GamesBeat

Sony’s E3 2012: Analysis shows Last of Us “shotgun blast” won big, Wonderbook lost (graph)

Over the course of four hours across three Electronic Entertainment Expo (E3) press conferences, hardcore gamers submitted over 16,000 real-time impressions — a valuable set of data for anyone curious as to how fans felt about the most important announcements during the gaming industry’s biggest event of the year. Now that E3 is over, we can take the time to really dig into what they liked and didn’t like, learning some interesting lessons in the process.

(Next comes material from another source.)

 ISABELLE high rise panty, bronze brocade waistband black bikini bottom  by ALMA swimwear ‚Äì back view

For this study, we counted the positive and negative comments in the hugely popular NeoGAF gaming forums, charting the reactions minute-by-minute in the graph below. The basic rule of thumb: the more positive responses, the higher the reaction score and vice versa. In short, Sony received the most positive responses, well ahead of Microsoft and Nintendo…but the publisher didn’t exactly impress everyone.

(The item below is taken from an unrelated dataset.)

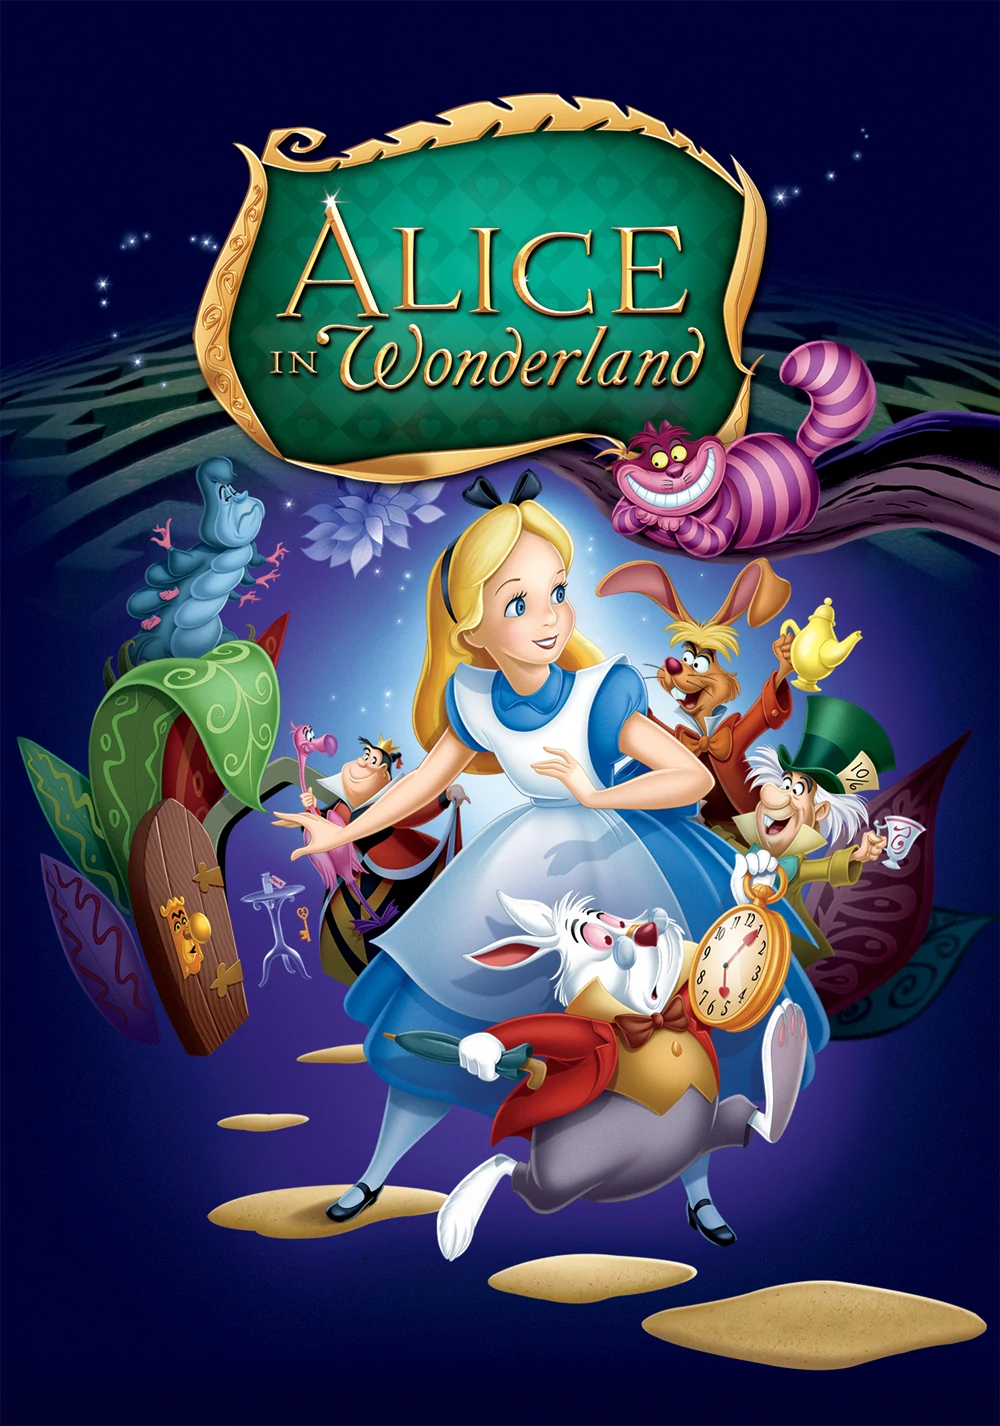 The Red King, Alice in Wonderland Wiki

Neogaf Reacts to Sony E3 conference

Above: Click for a full-size version. For a more detailed explanation of how we analyzed this data, please see the explanation at the end of this article.

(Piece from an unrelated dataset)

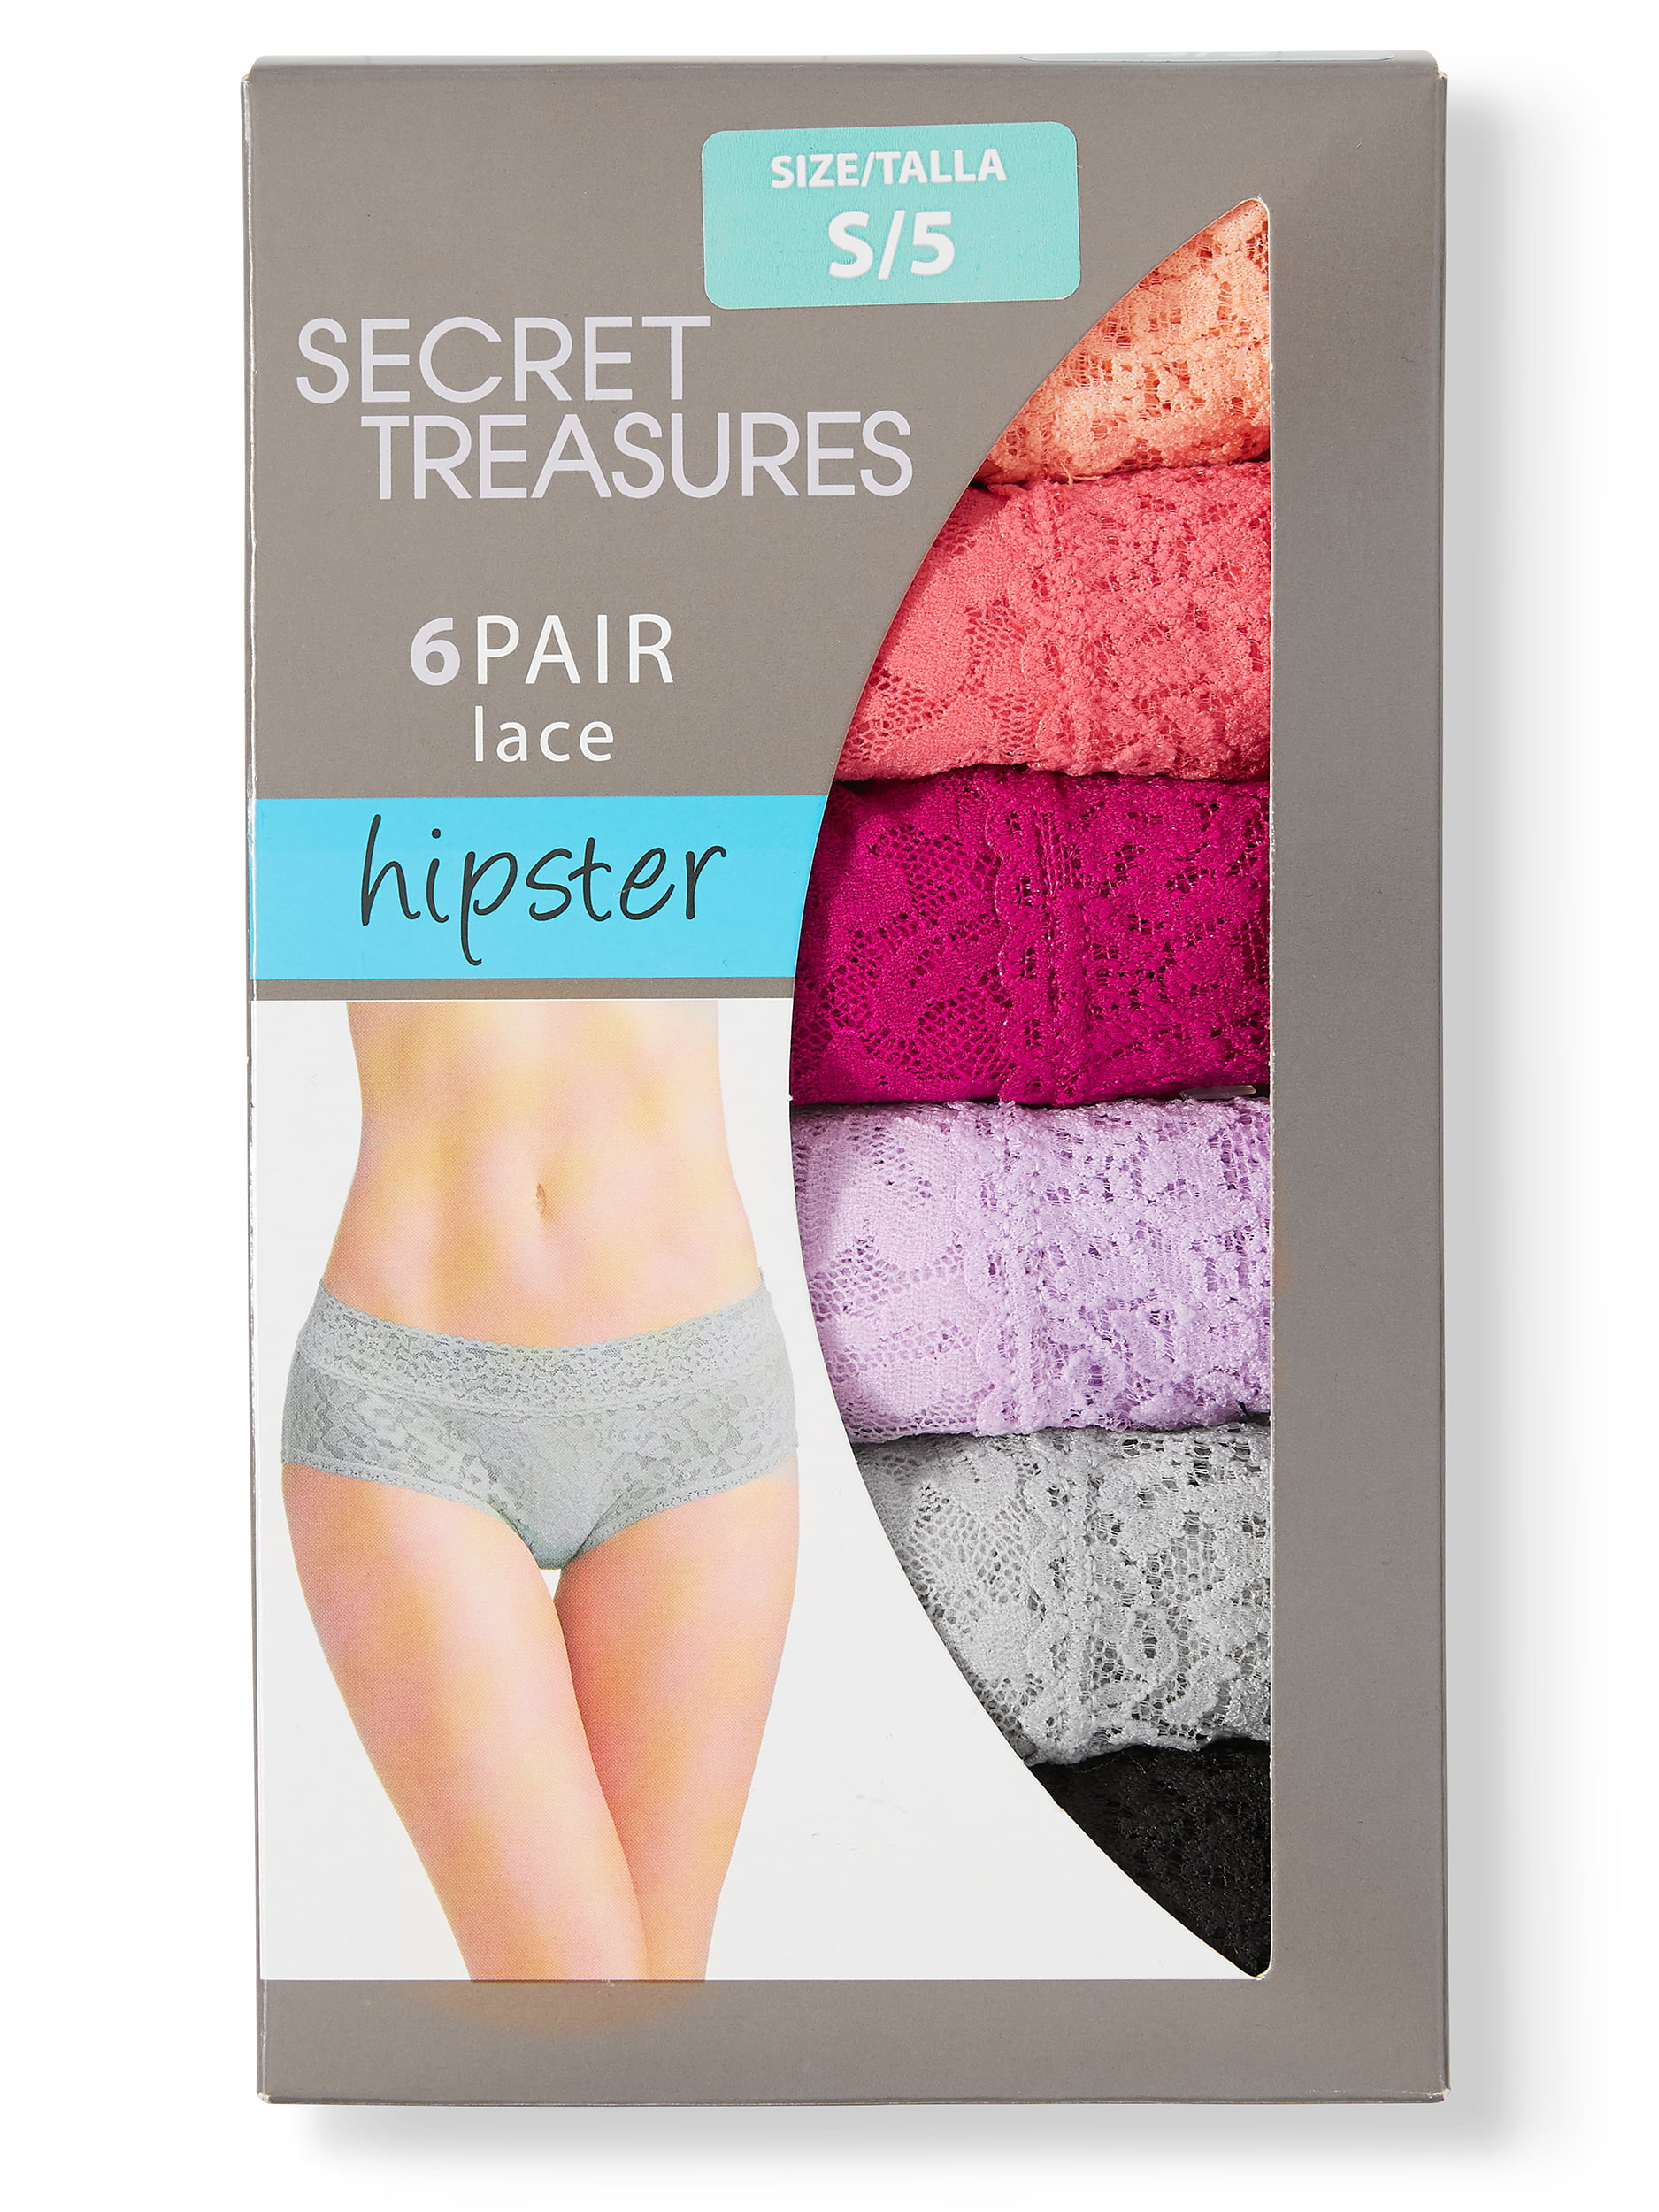 secret treasures intimates underwear.

What NeoGAF liked about the Sony press conference

NeoGAF reacted strongly to the following games: Assassin’s Creed III: Liberation, Assassin’s Creed III, and The Last of Us (for more on these or any products mentioned here, click the tags below). While they responded positively at first to Beyond: Two Souls, PlayStation All-Stars Battle Royale, Far Cry 3, and God of War: Ascension, opinion soured soon after their first mentions.

The community also reacted positively to Jack Tretton, president and CEO of Sony Computer Entertainment of America, and Kaz Hirai, president and CEO of Sony Corporation. Both have become heroes to the video game community. David Cage, founder of Quantic Dream (Heavy Rain, Beyond: Two Souls), also received good feedback, if not as strong as the two Sony personalities.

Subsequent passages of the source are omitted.